Former UN Gang leader Clay Roueche – pictured here at the Abbotsford funeral of murdered associate Duane Harvey Meyer in May 2008 – has been re-sentenced to 30 years in a U.S. jail.  - John Van Putten file photo
Former UN Gang leader Clay Roueche – pictured here at the Abbotsford funeral of murdered associate Duane Harvey Meyer in May 2008 – has been re-sentenced to 30 years in a U.S. jail.
— image credit: John Van Putten file photo

Former UN Gang leader Clay Roueche filed a notice of civil claim today (Friday) against the attorney general of B.C. and the Vancouver and Abbotsford police departments (VPD and APD).

Roueche, who earlier this week had his 30-year U.S. prison sentence upheld, claims several police agencies were involved in arranging his "unlawful" arrest in Mexico on May 17, 2008.

He claims the Combined Special Forces Enforcement Unit, the Organized Crime Agency of B.C., the RCMP, the BC Integrated Gang Task Force, the VPD and the APD breached his rights under the Privacy Act when they informed U.S. authorities of his plans to travel to Mexico.

This resulted in Roueche being detained upon his arrival in Mexico and refused entry into the country, ensuring he boarded a plane which would land in the U.S., the claim states.

The plane was destined for Vancouver, B.C., but stopped in Dallas, Texas, where Roueche was arrested on a warrant from the Western District of Washington (Seattle).
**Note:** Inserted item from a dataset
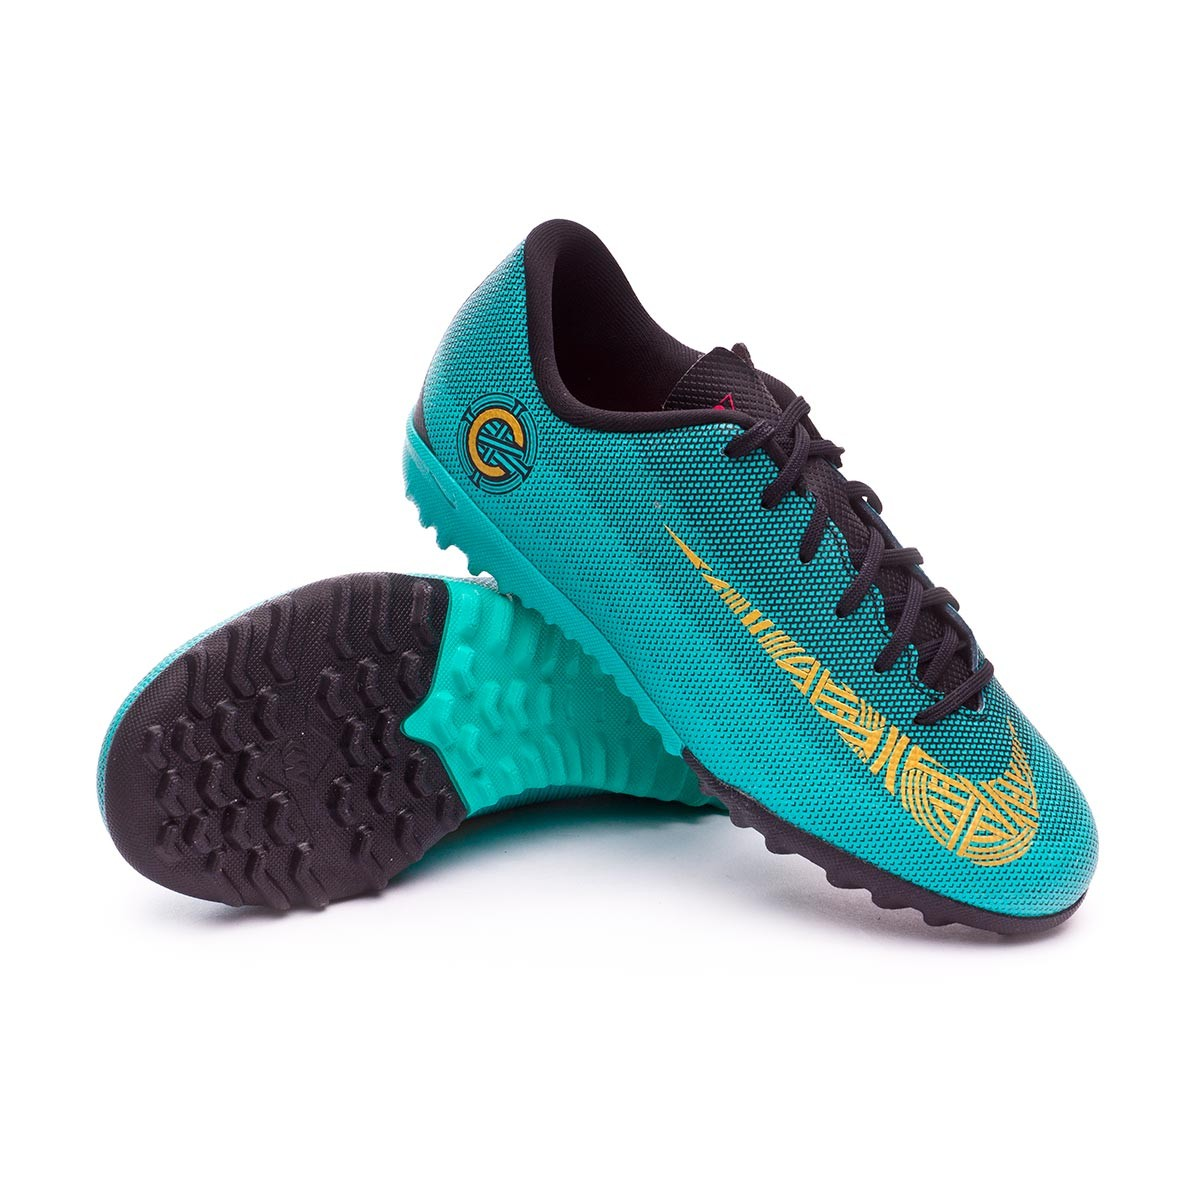 7ed23faf61162 Zapatilla Nike Mercurial VaporX XII Academy GS CR7 Turf Niño Clear  jade-Metallic vivid gold-Black - Tienda de fútbol Fútbol Emotion

Roueche claims his rights were further breached under the Privacy Act in several other instances.

This included when B.C. police provided to U.S. authorities: information obtained from a search of his Coquitlam home; intercepted private communications, which were also released to the media; and other private information.

"As a result of the unlawful acts of the defendants, and its agents, the plaintiff suffered loss and damage, including financial loss, emotional and mental distress, and breaches of his civil rights and liberties as guaranteed by the Charter," the claim states.

He is seeking general, special and aggravated damages, as well as declarations that his Charter rights were infringed.

Roueche pleaded guilty in April 2009 to conspiring with others, from 2005 on, to export cocaine from the U.S. to Canada and to import B.C. Bud into the U.S. He further admitted that he conspired with others to transport and deliver the cash proceeds from the illegal drug sales.